In its February 2012 Thinking Ahead Group report, The Wrong Type of Snow, Towers Watson discusses the tension that exists between equity and bondholders from long-term funds that are obliged to invest in corporations with short-term incentive arrangements: “This tension tends to be balanced out by funds focusing on shorter term, rather than corporations adopting longer-term incentives.”

But it also points to a “class of investor” that may help to resolve this conundrum in favour of the longer-term perspective.

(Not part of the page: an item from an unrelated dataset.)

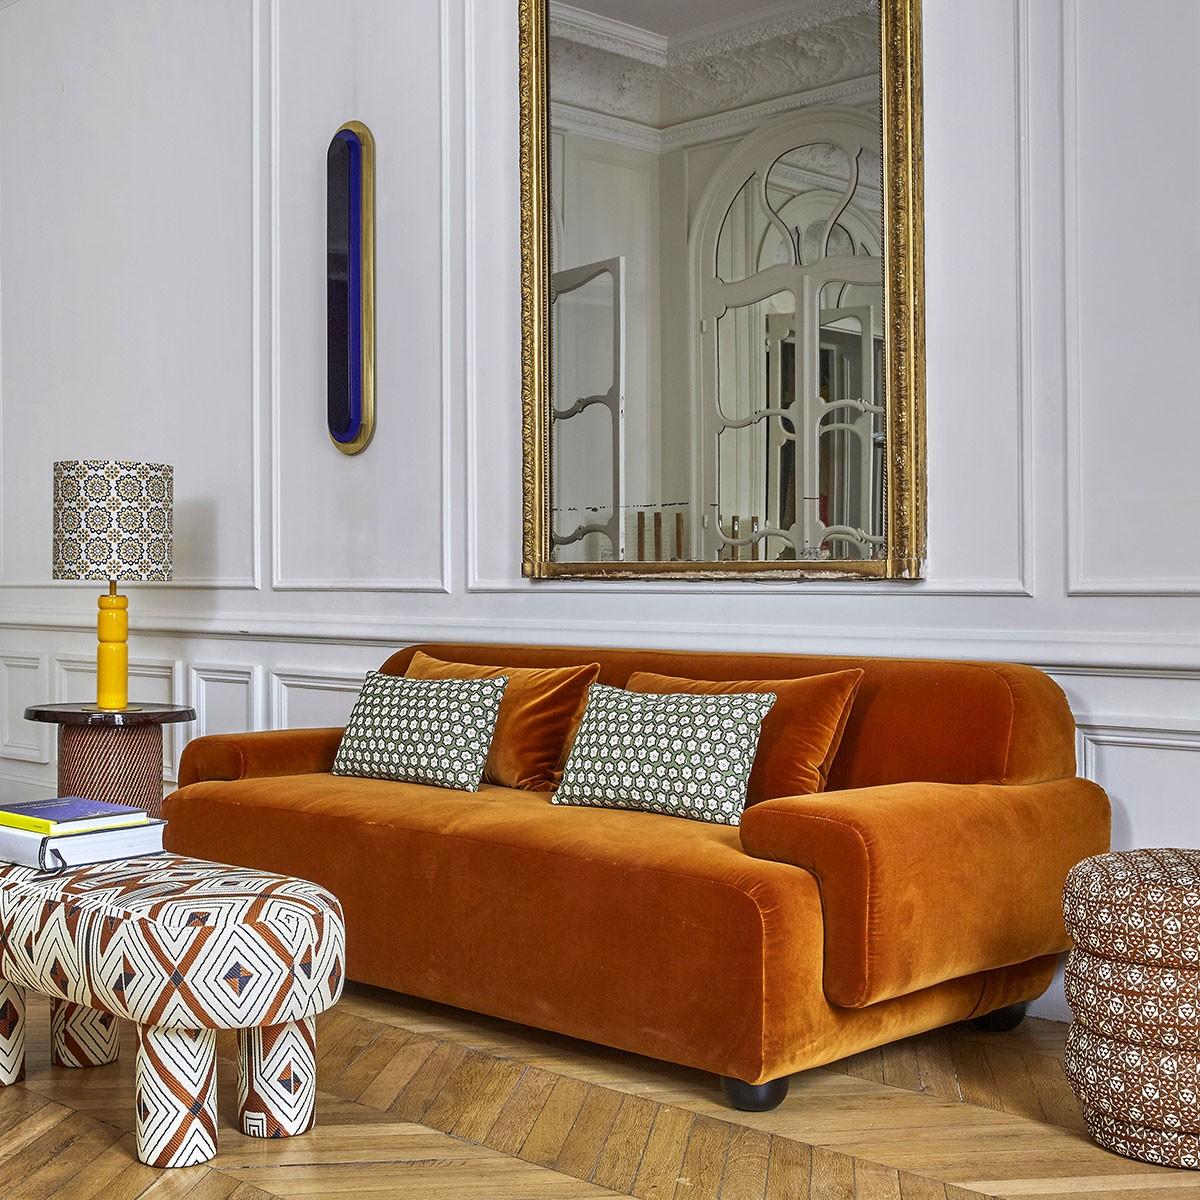 Popus Editions Lena 3-Seater Sofa in Indigo Marrakech Jacquard Upholstery In New Condition For Sale In Paris, FR

In what is an act of “fiduciary capitalism”, the report states that universal owners are long-term asset owners who are committed to inter-generational equity and recognise the issues of sustainability in that challenge.

 

Philosophical change

Many funds managers have also been vocal about the need for a change of philosophy.

One of those, Neil Woodford, head of investment for Invesco Perpetual in the UK, described to the Kay Review panel the obstacles he faces in the pursuit of a “stewardship relationship” with investee companies.

His obstacles also go some way to sum up the challenges faced by those with a long-term view, including:

  • The measurement of fund management performance over short time scales
  • The broader industry’s obsession with quarterly reporting
  • Corporate management’s interactions with intermediaries (investment bankers and sell-side analysts) at the expense of interaction with ‘owners’
  • The remuneration structures of fund management professionals – an overemphasis on one-year returns rather than longer time periods
  • Fund management fashions – for example, the popularity, for obvious reasons, of hedge fund management techniques
  • Human nature – the innate preference for conventional failure over unconventional success
  • Regulation, in particular of pension funds, has helped to significantly diminish the role equity investment can play in providing attractive long-term returns to savers
  • Incentive structures in the broking industry which encourage increased trading activity
  • The ability to remain constantly in touch with market movements, for example, via mobile devices
  • The proliferation of derivative strategies which drive underlying cash market turnover
  • The absence of fiscal incentives that might favour long-term investment strategies
  • The tyranny of the benchmark has created an environment in which fund managers are less inclined to back businesses or industries for the long term because they are concerned with the career risk of moving too far away from their benchmark index over shorter time periods.

The first two of these concerns, the measurement of fund management performance over short time scales and the broader industry’s obsession with quarterly reporting, were a consistent theme among respondents to the Kay Review.

The interim report states that a large majority of respondents, whether they represented companies or investors, considered that quarterly reporting and interim management statements fell into the category of useless or misleading information.

Kay has not made any recommendations and will present his final report, including recommendations for action, to the secretary of state for business in July, but the comments and proposals discussed in the report “signal areas of interest for the final report”. Could this signal the end of quarterly reporting?